## INFORMATION PROVIDED:
*-*-*
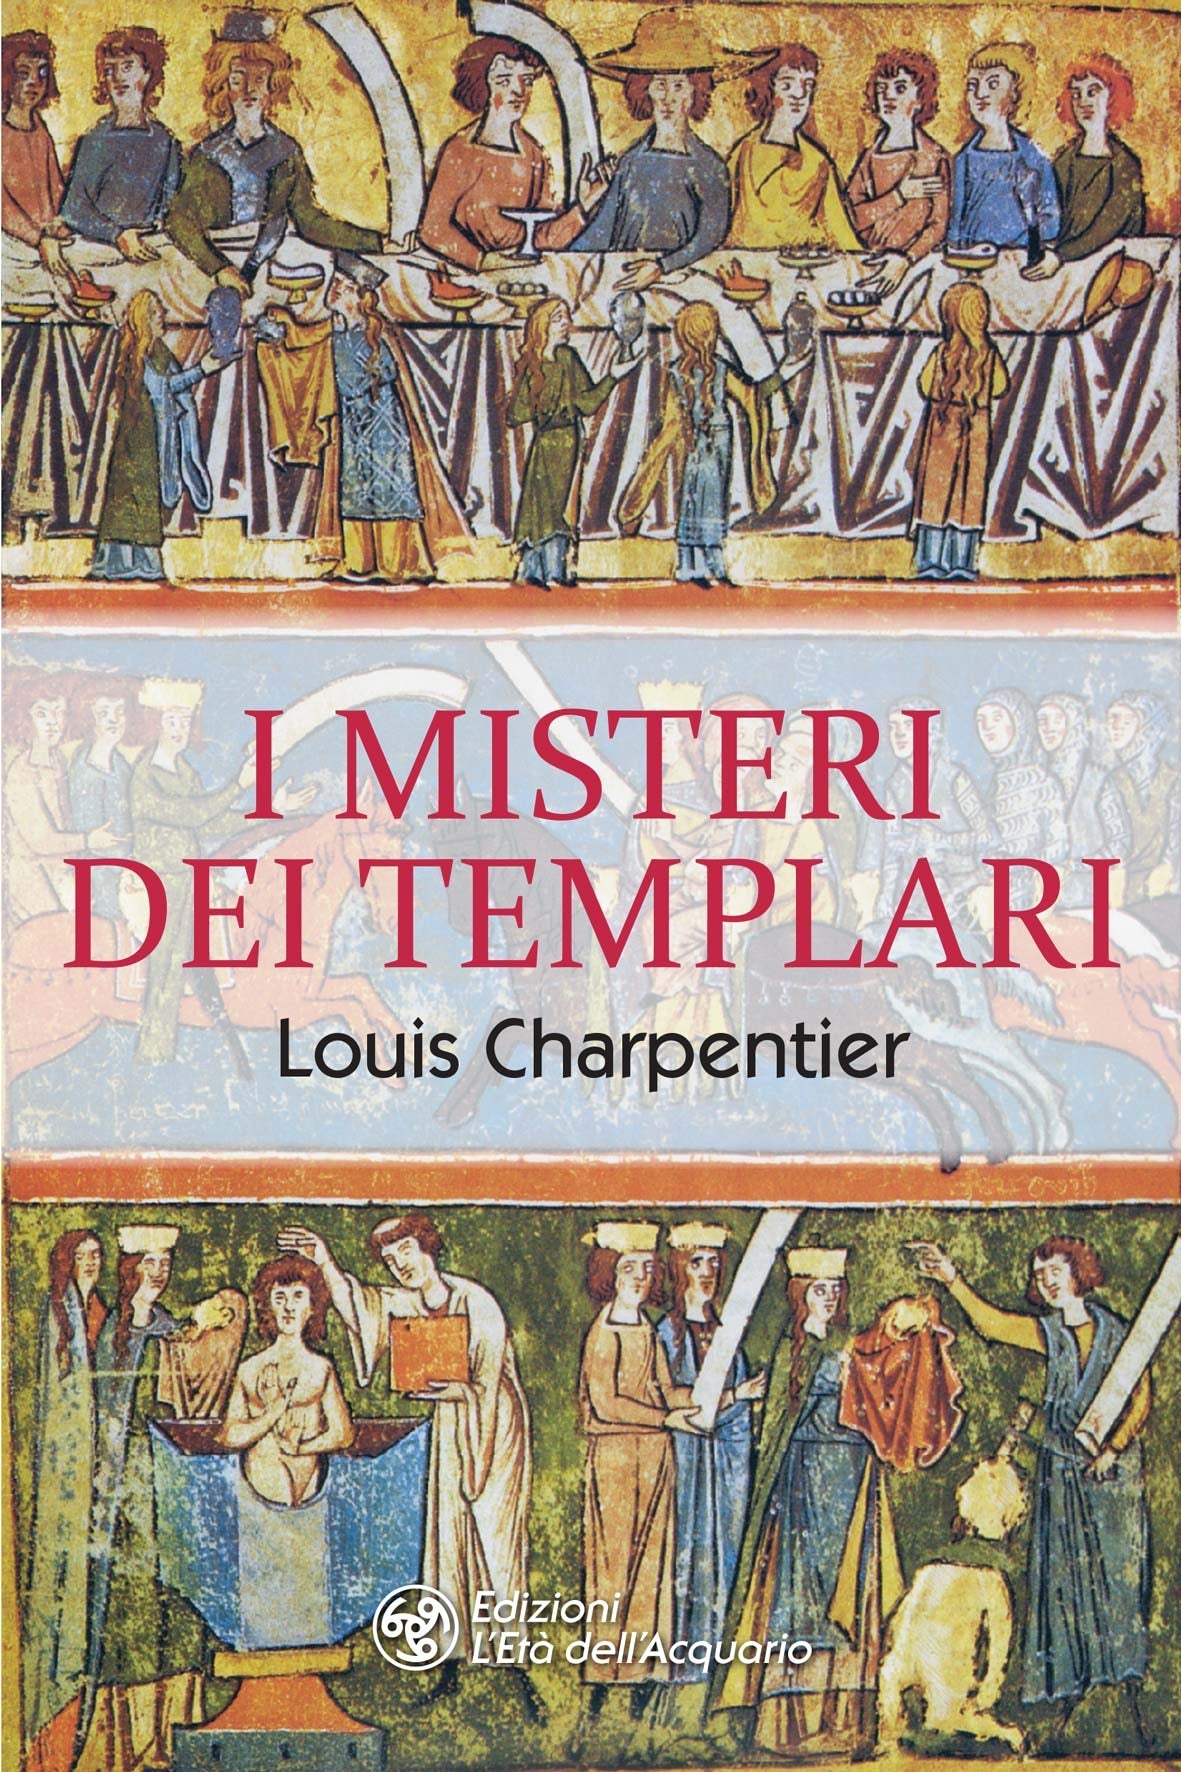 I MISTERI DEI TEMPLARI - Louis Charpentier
*-*-*
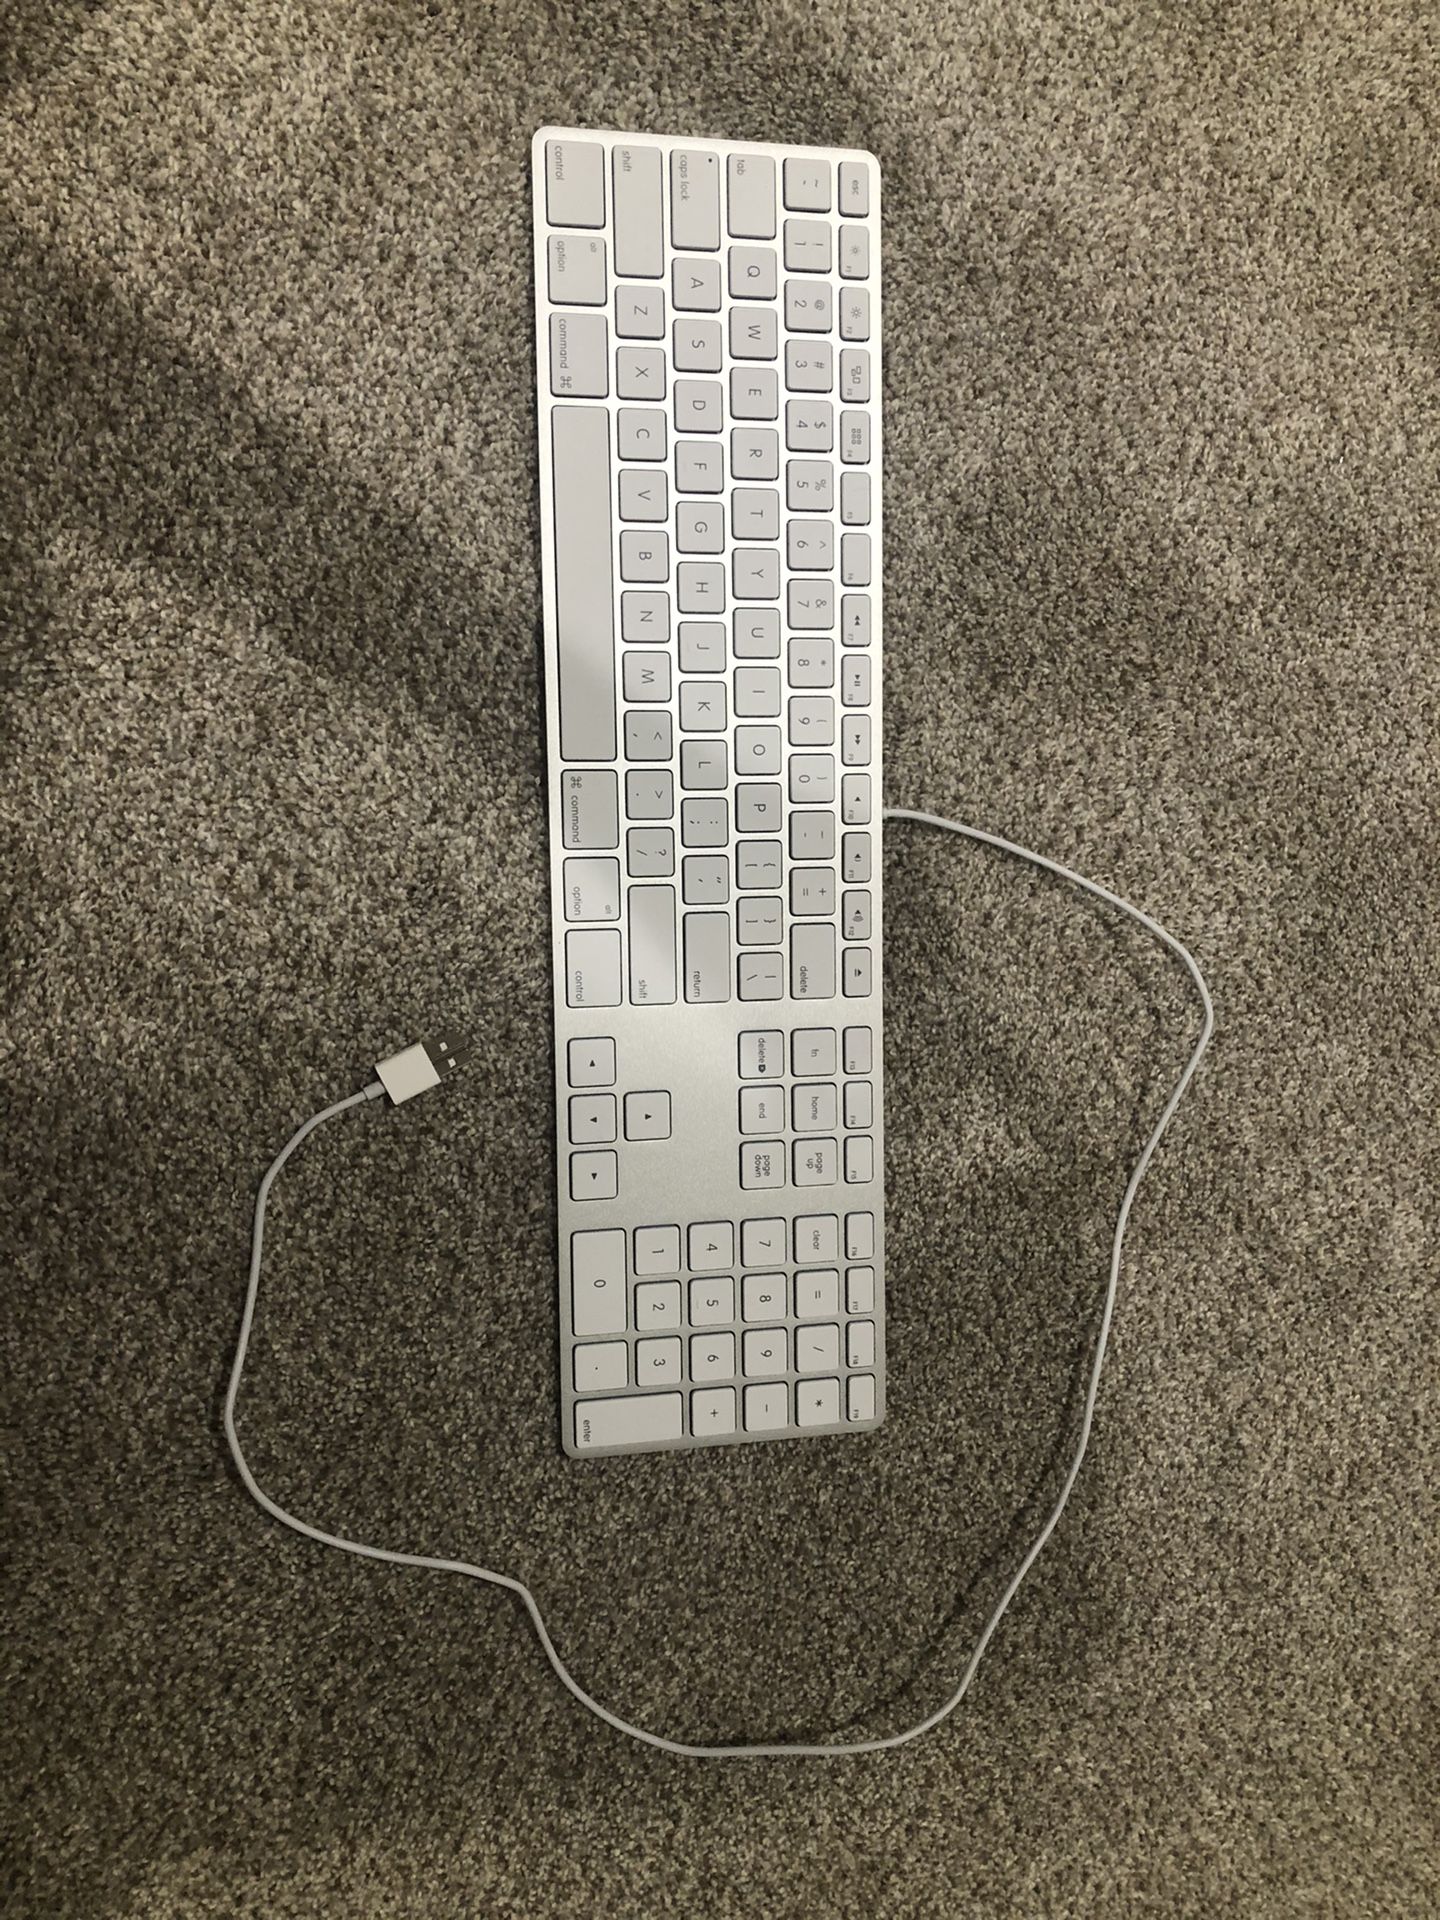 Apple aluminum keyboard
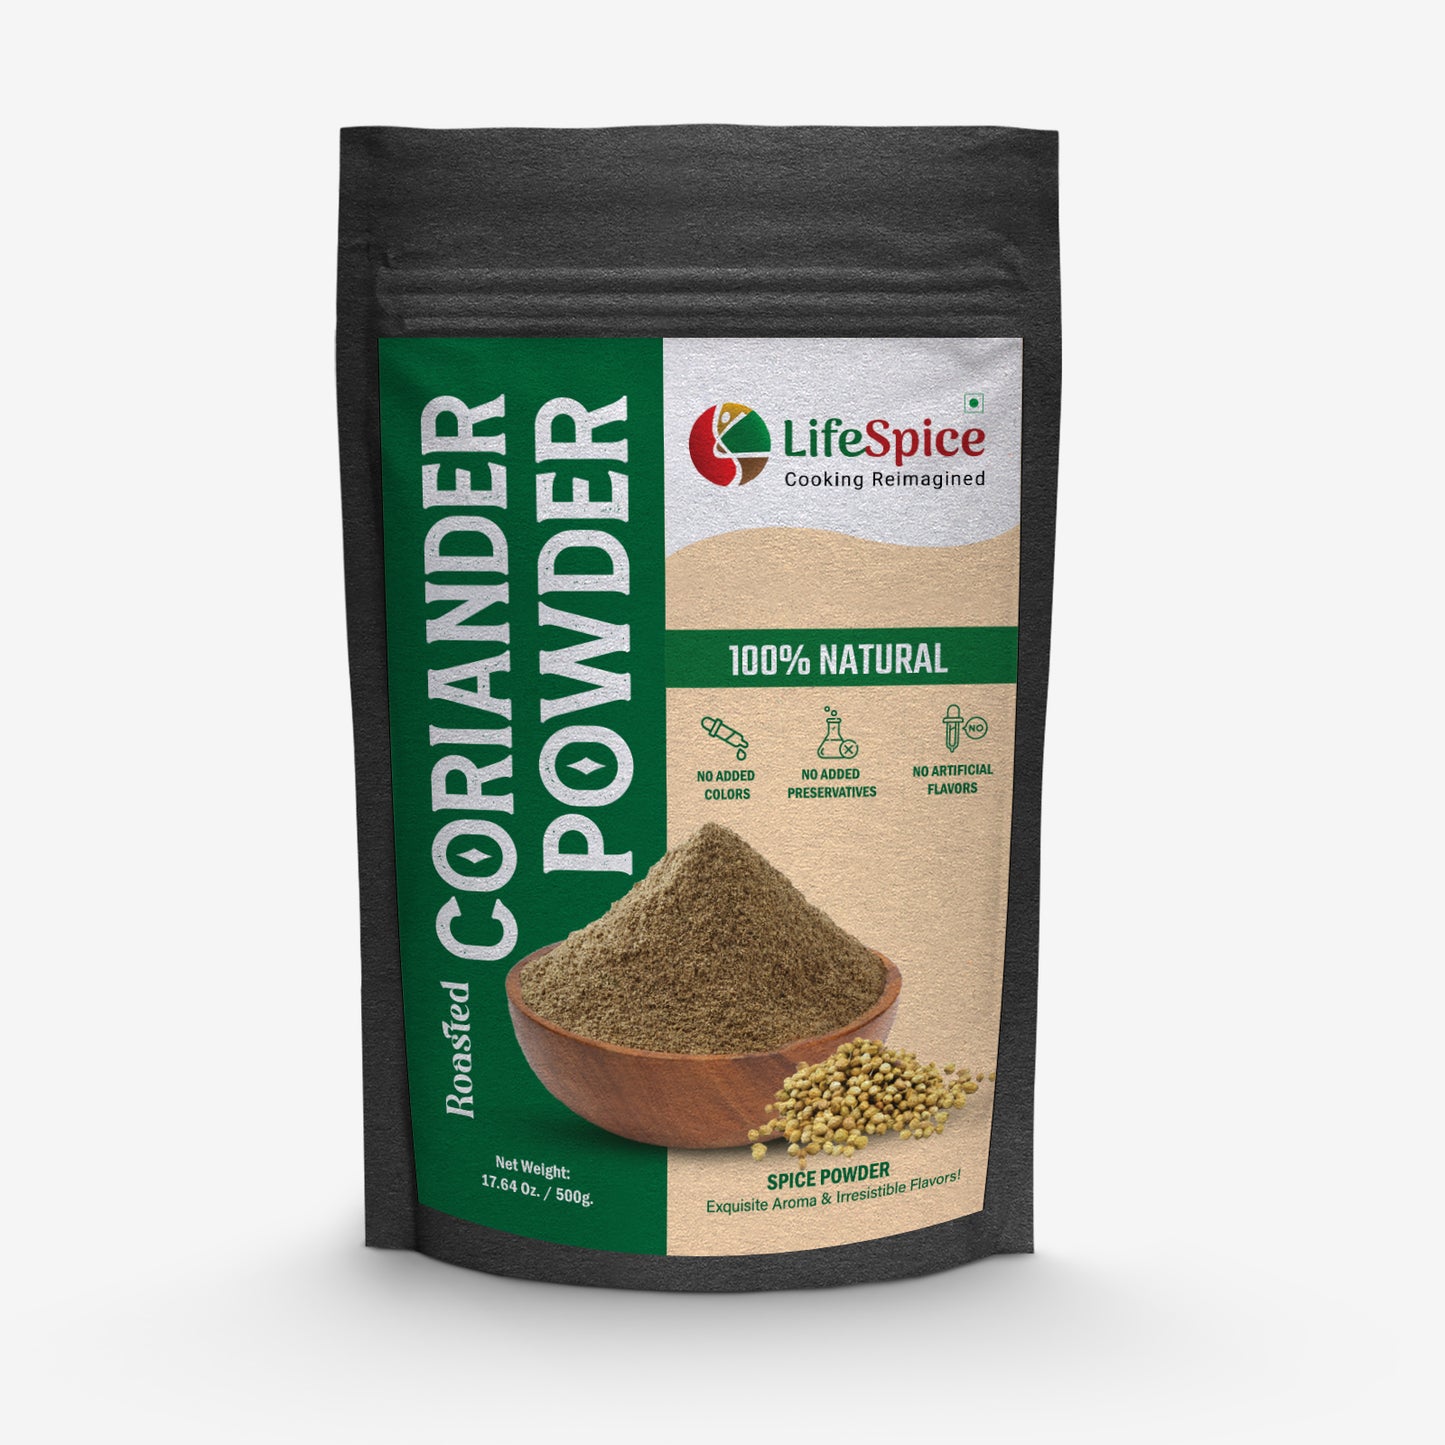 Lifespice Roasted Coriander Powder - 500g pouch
*-*-*
## WORK REQUIRED:
The lines to set down run from the line with "Apple aluminum keyboard" up to and including the line with "Lifespice Roasted Coriander" in the entries above. Reproduce them exactly, with no pictures.

## ANSWER TO THIS TASK:
 Apple aluminum keyboard
 Lifespice Roasted Coriander Powder - 500g pouch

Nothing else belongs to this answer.